Mr GRIFFIN (6:03 PM) —I rise today to speak on the Evidence Amendment (Journalists’ Privilege) Bill 2007. I have some brief comments to make on this bill in my role as shadow minister for veterans affairs. Labor support this bill. Our view is that this is a welcome bill but that it does not go far enough. For this reason I am happy to support the amendment moved by the member for Barton.

This bill amends the Evidence Act 1995 by introducing a privilege, at the trial and pre-trial stages of civil or criminal proceedings, for communications made in confidence to journalists. The bill gives the court discretion in this matter, requiring it to exclude evidence where the nature and extent of the likely harm to a protected source outweighs the desirability of the evidence being given. This is an important reform that helps address the conflict that journalists may at times be forced to face. Currently there is a conflict between their ethical and professional duty to not disclose their source and their legal duty to assist the court.

The bill is modelled on the New South Wales Evidence Act 1995. However, there is a big difference in that the New South Wales act allows for a general scheme of protected confidence, while this bill is limited to journalists only. The bill, in focusing on only journalists’ privilege, does not offer any other protections for confidential communications among other groups or professions. Broader reforms are still needed in this area in order for increased transparency of government actions. However, as this government has shown in the past, unless it suits its specific political agenda, it is extremely averse to introducing any reforms that would allow for greater transparency of its actions.

The bill has been introduced by the government following recommendations from the Australian Law Reform Commission, the New South Wales Law Reform Commission and the Victorian Law Reform Commission in the report entitled Uniform evidence law, which was tabled in this place on 8 February 2006. In their report, under paragraph 15.15, the commissions had the following to say on journalists’ sources:

Since the publication of DP 69, the issue of protection of journalists’ sources has received significant media attention.
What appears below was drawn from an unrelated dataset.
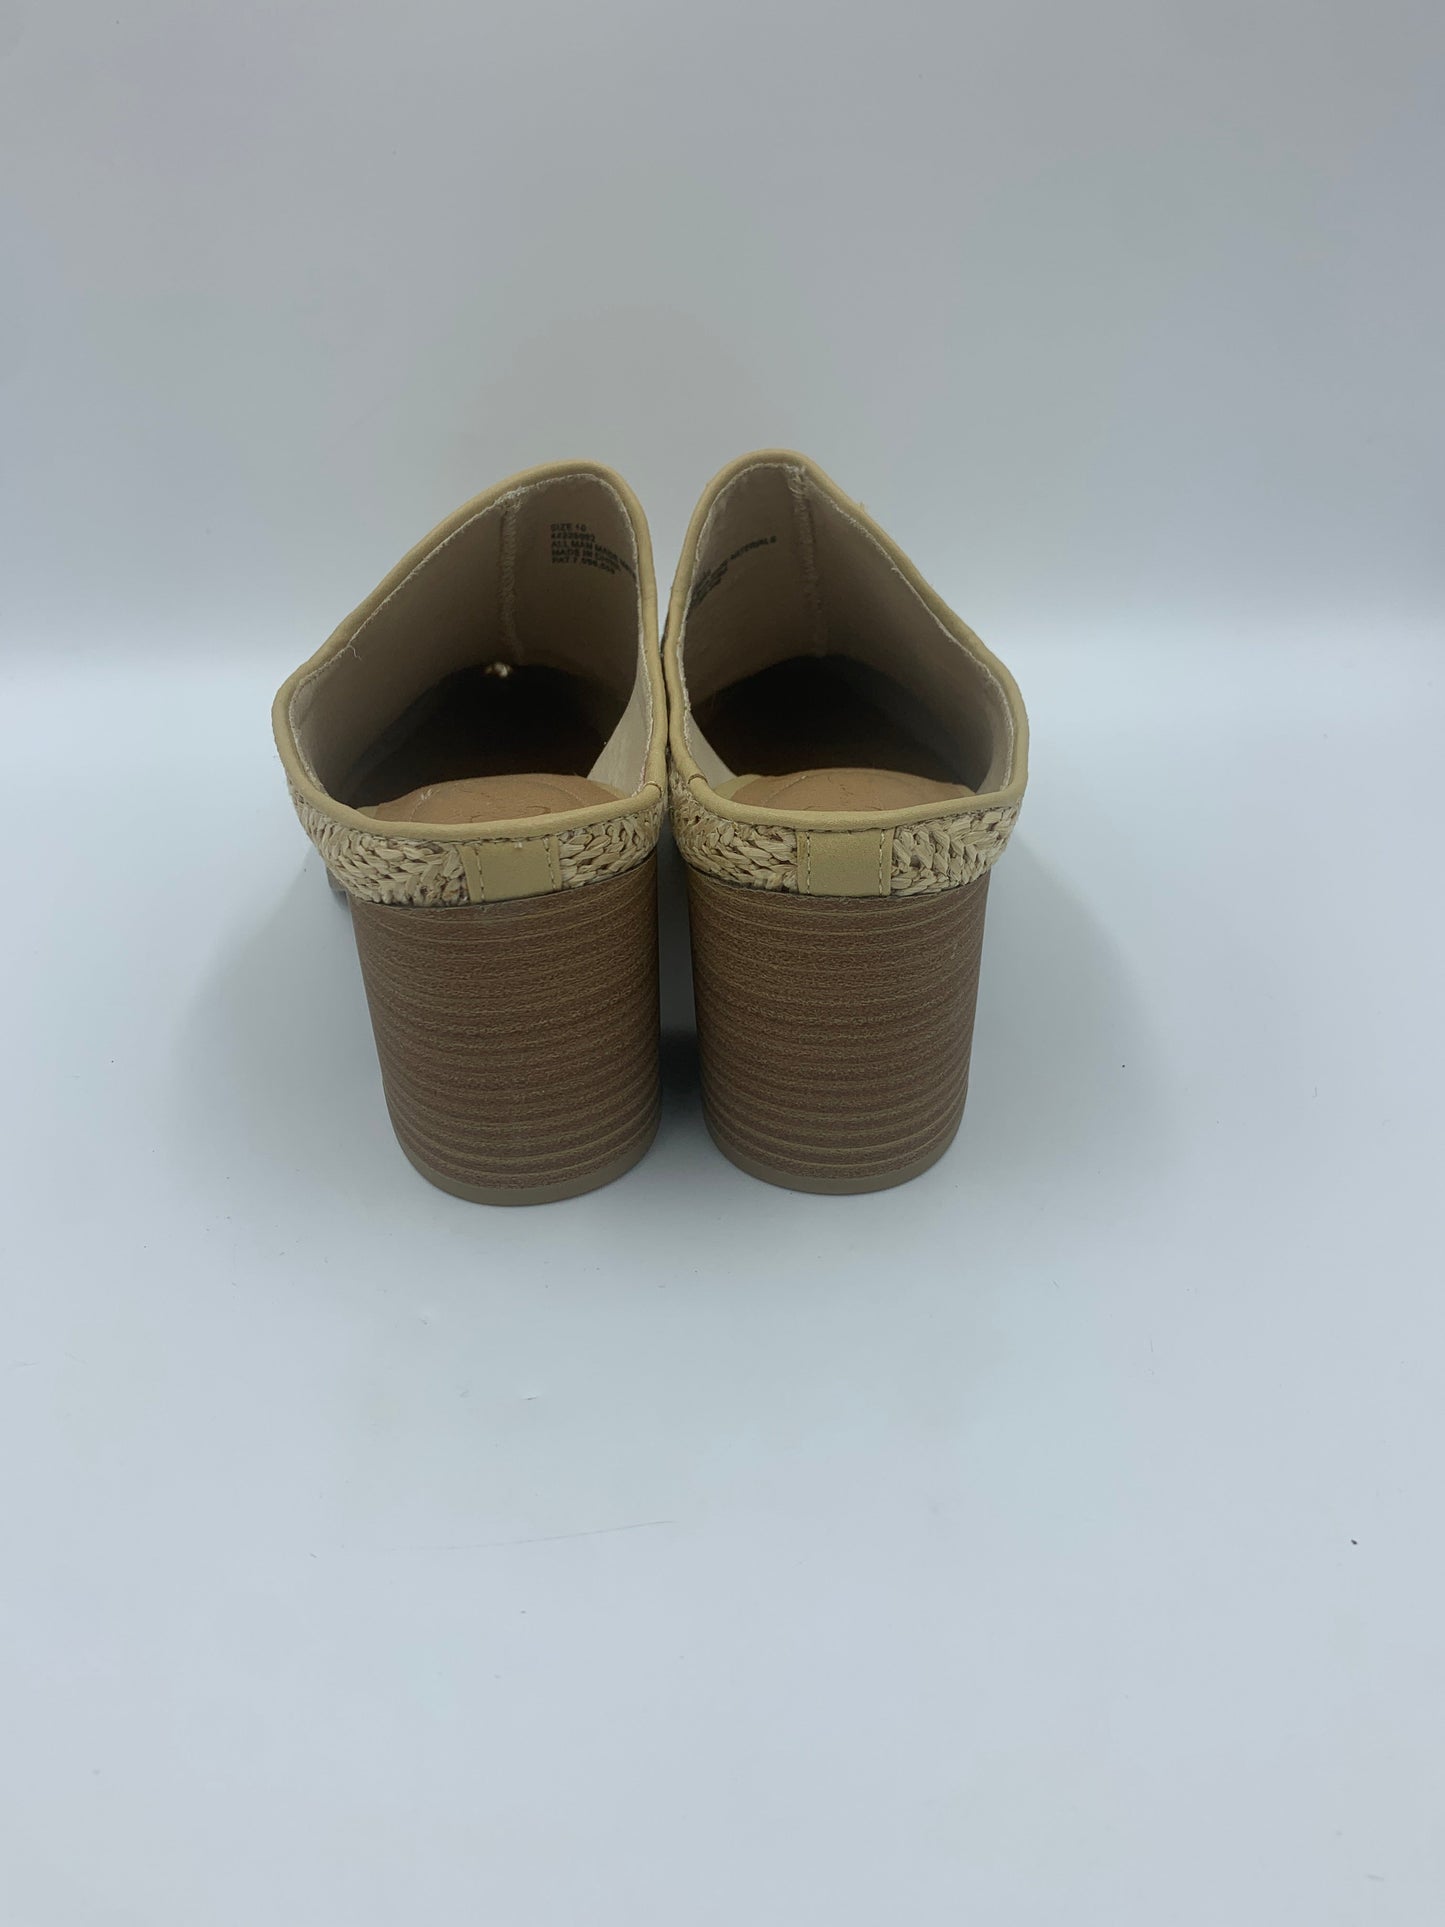 New! Tan Shoes Heels Block Cato, Size 10

Under the common law, courts have consistently refused to grant journalists a privilege or lawful excuse under which they can refuse to reveal their sources. The journalists’ code of ethics prohibits a journalist from revealing a source once a commitment to confidentiality has been made. At the time of writing, legal proceedings had commenced against two Herald Sun journalists for protecting the source of leaked government documents regarding changes to veterans entitlements. The Attorney-General of Victoria has indicated his support for a uniform national approach to journalists’ sources. The Australian Government Attorney-General has also announced that the issue would be considered by the Government.
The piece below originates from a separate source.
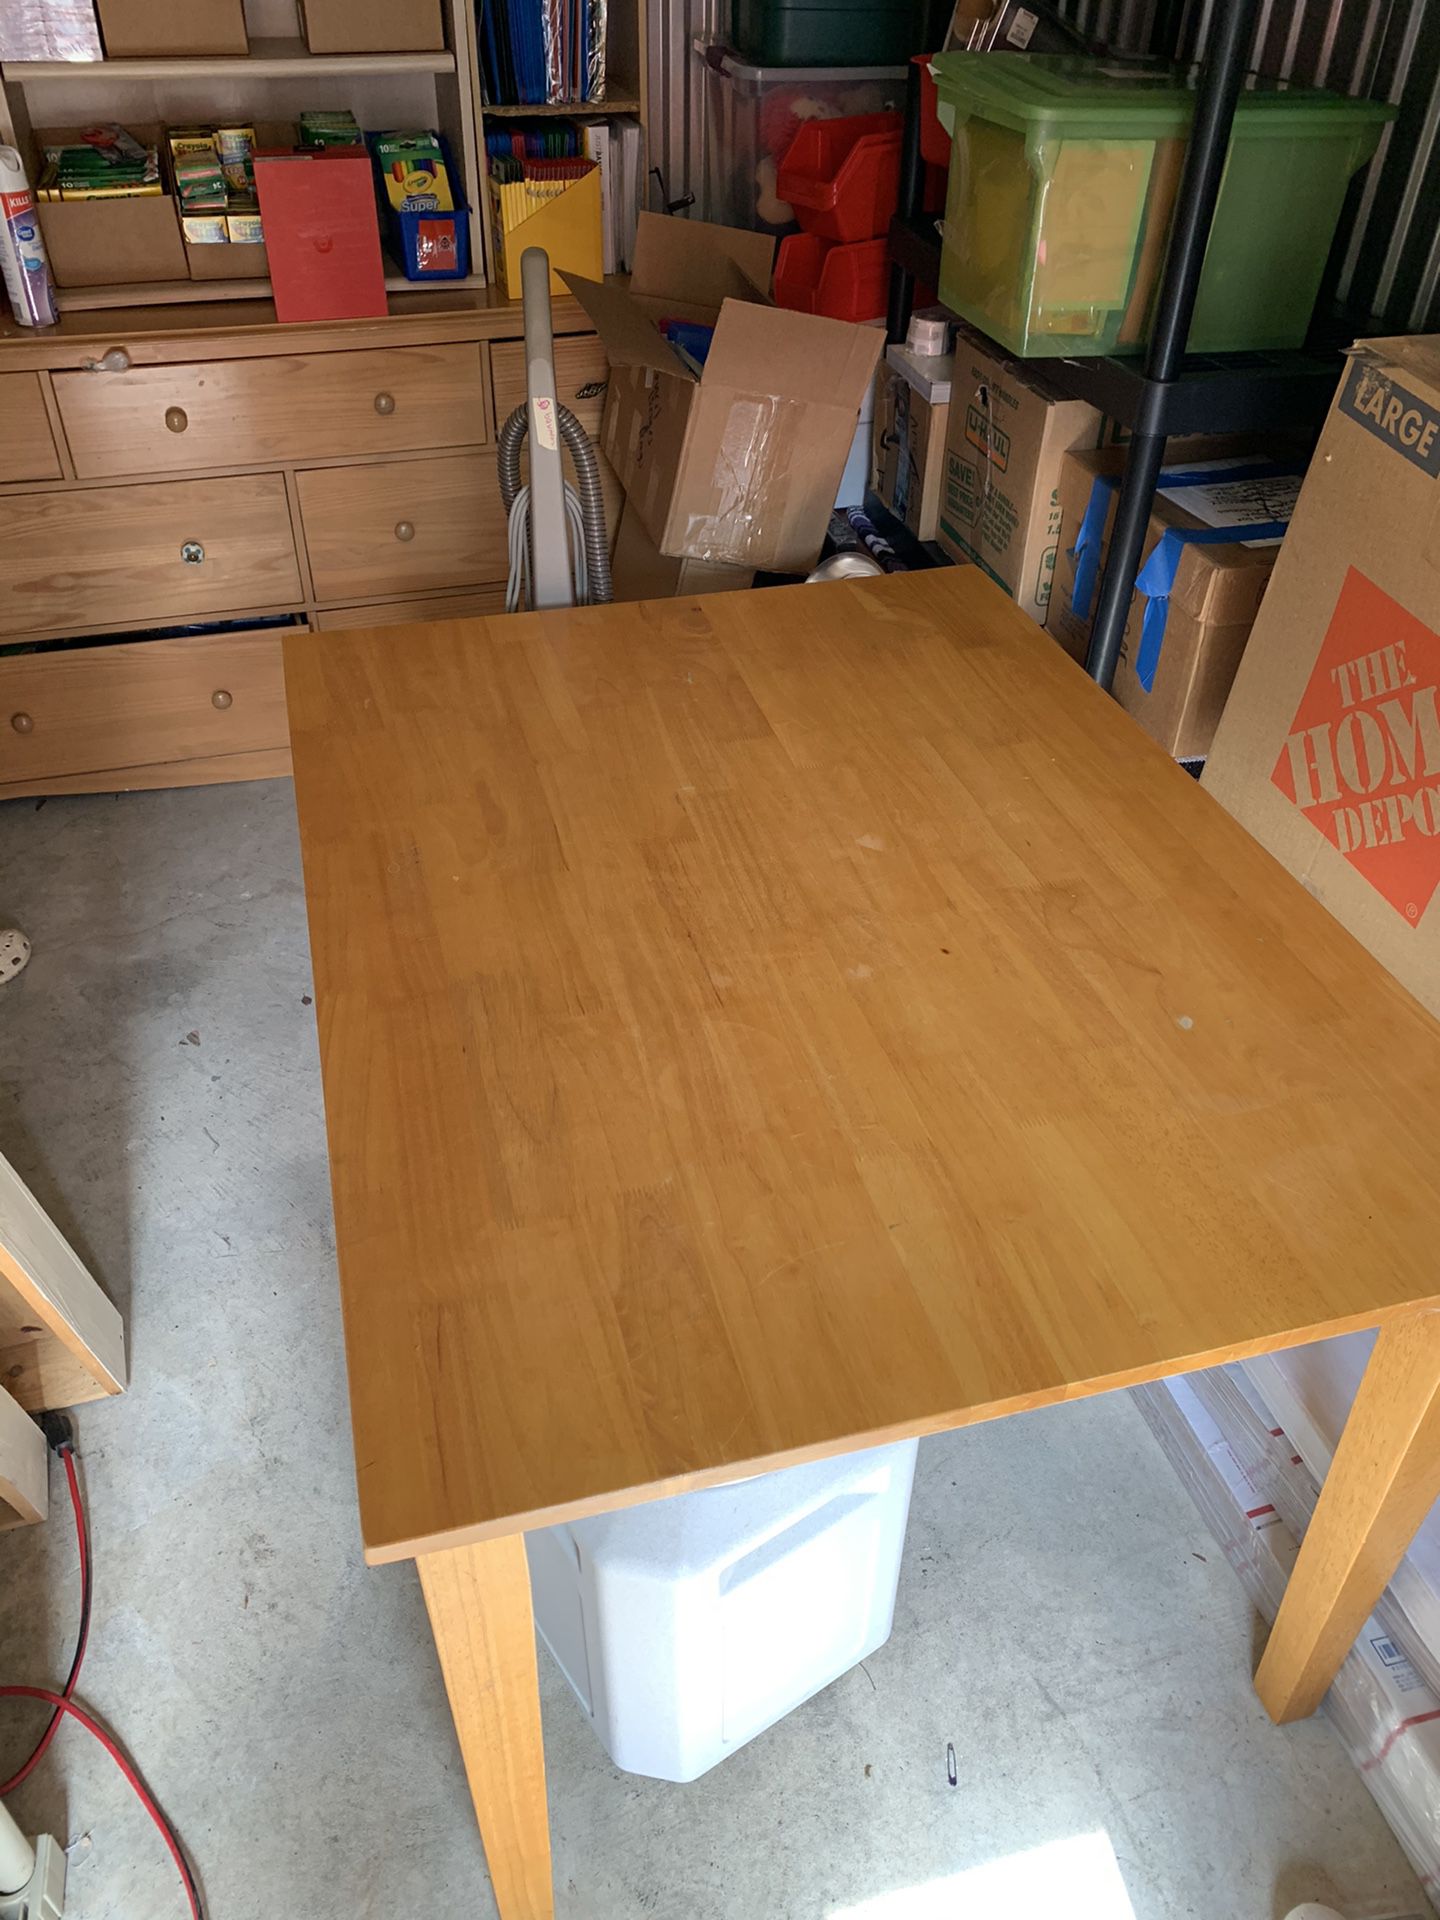 Kitchen Table + 2 Chairs

The specific reference made to the two Herald Sun journalists in this paragraph is extremely relevant to the bill we are considering today. The journalists are Michael Harvey and Gerard McManus. They are being prosecuted for contempt of court for refusing to answer questions relating to their publication of material from a source within the Department of Veterans’ Affairs. The case relates to an article they wrote on 20 February 2004 entitled ‘Cabinet’s $500 million rebuff revealed’. In that article they reported on confidential documents that showed that the government had agreed to just five out of the 65 recommendations for change produced by the Clarke review of veterans entitlements. It was an article that exposed this government’s measly response to this report—a response that had been signed off by the Prime Minister, the Treasurer and the then Minister for Veterans’ Affairs. Their article and the public backlash that followed helped to result in some government backflips.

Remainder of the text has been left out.